Like many Texas spouses, you may have had an inkling for quite some time that your marriage was headed for divorce before you or your spouse actually filed paperwork. From the start, your main priority has been making sure your children’s best interests are the central focus of all child custody proceedings. As you near the time when you’ll be maintaining separate households as co-parents, you might be feeling stressed.
The last thing you need is to face confrontation every time you have to talk to your ex about a parenting issue. It’s not uncommon for spouses who divorce to have trouble getting along; it may have been a causal factor leading up to the divorce. As co-parents, however, if you don’t find a way to settle disagreements peacefully, you could be in for a lot of emotional stress and legal problems down the line.

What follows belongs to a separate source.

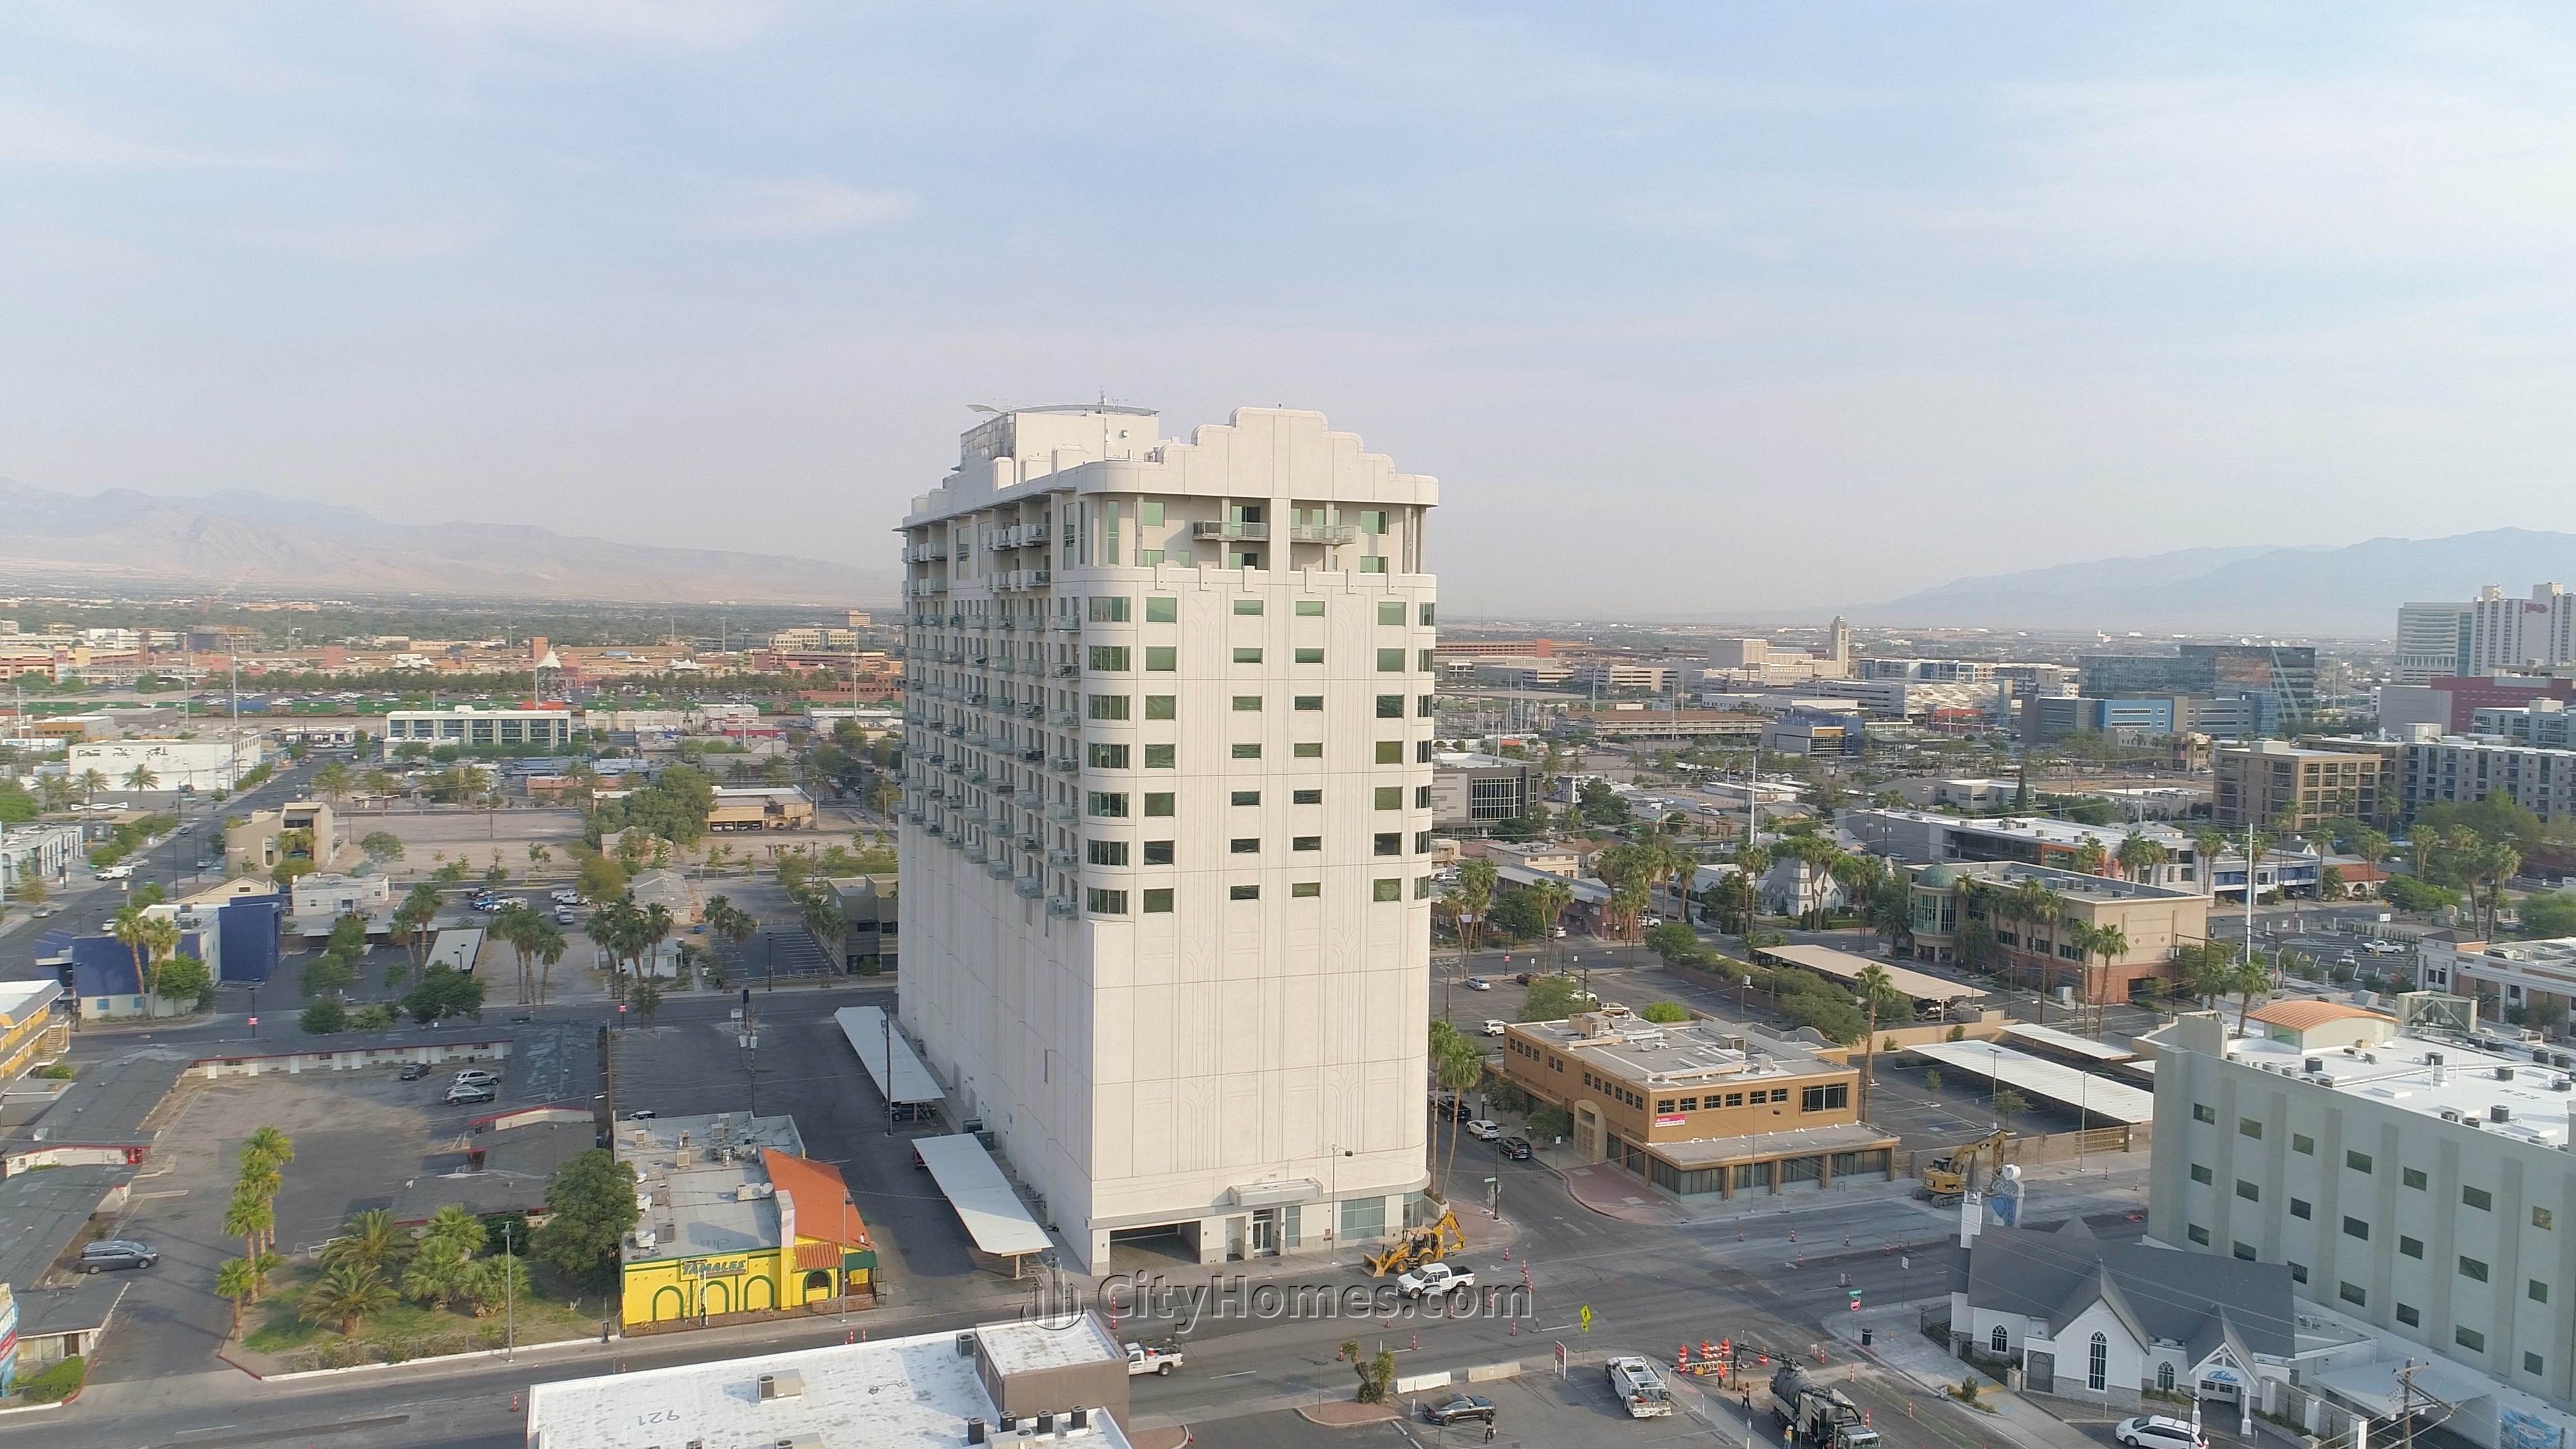 2. Soho Lofts building at 900 S Las Vegas Blvd, Las Vegas, NV 89101

Tips to help you co-parent without fighting
You and your ex may have different parenting styles, and that’s okay. The trick is to find a way to work together as a team to keep stress to a minimum as you cope with divorce stress to a minimum as you cope with divorce and move on in life. The tips included in the following list may be helpful:
- Be flexible. As long as you are respectful toward each other and recognize the special role each other has in your children’s lives, you can compromise and cooperate as needed to keep the peace.
- It’s best to avoid making negative comments about each other, especially in front of your children. Discuss issues rather than make insulting comments about each other’s parenting decisions.
- Forgiveness goes a long way in a co-parenting relationship. Nobody is perfect, and you’re likelier to avoid nasty temper flares if you acknowledge that each of you is bound to make mistakes from time to time, but that doesn’t make you or your ex a bad parent.
- Agree on general rules of discipline for your kids. Your household need not run exactly like your ex’s, but if your children see you as a unified parenting team, they’ll understand that you are willing to back each other up when a problem arises.
- Get as much as you can in writing. You can execute a thorough and detailed co-parenting plan, which helps avoid confusion and disputes.
Texas parents who are married have disagreements about child-related issues just like divorced parents do. In your case, you can write the terms of your child agreement so that the court can approve it, and you will have an existing court order to guide you through your co-parenting journey. If an issue arises that you don’t feel equipped to handle on your own, you can tap into local resources for support.